The variable double-click-fuzz specifies how much the mouse can move between clicks still allow them to be grouped as a multiple click. Its value is in units of pixels on windowed displays and in units of 1/8 of a character cell on text-mode terminals; the default is 3.
The symbols for mouse events also indicate the status of the modifier keys, with the usual prefixes C-, M-, H-, s-, A- and S-. These always precede double- or triple-, which always precede drag- or down-.
A frame includes areas that don't show text from the buffer, such as the mode line and the scroll bar. You can tell whether a mouse button comes from a special area of the screen by means of dummy "prefix keys." For example, if you click the mouse in the mode line, you get the prefix key mode-line before the ordinary mouse-button symbol. Thus, here is how to define the command for clicking the first button in a mode line to run scroll-up:
(global-set-key [mode-line mouse-1] 'scroll-up)

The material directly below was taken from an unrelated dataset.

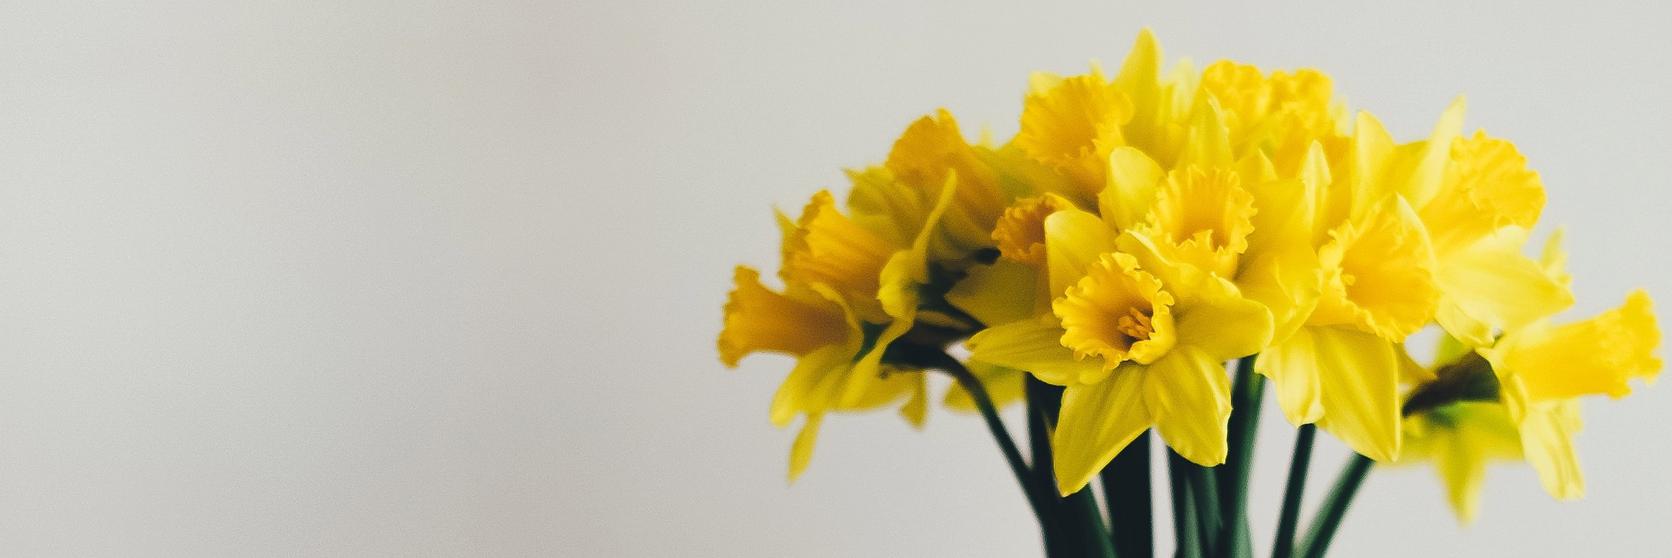 daffodil-spring-flowers

Here is the complete list of these dummy prefix keys and their meanings:
- mode-line
The mouse was in the mode line of a window. - vertical-line
The mouse was in the vertical line separating side-by-side windows. (If you use scroll bars, they appear in place of these vertical lines.) - vertical-scroll-bar
The mouse was in a vertical scroll bar. (This is the only kind of scroll bar Emacs currently supports.)
You can put more than one mouse button in a key sequence, but it isn't usual to do so.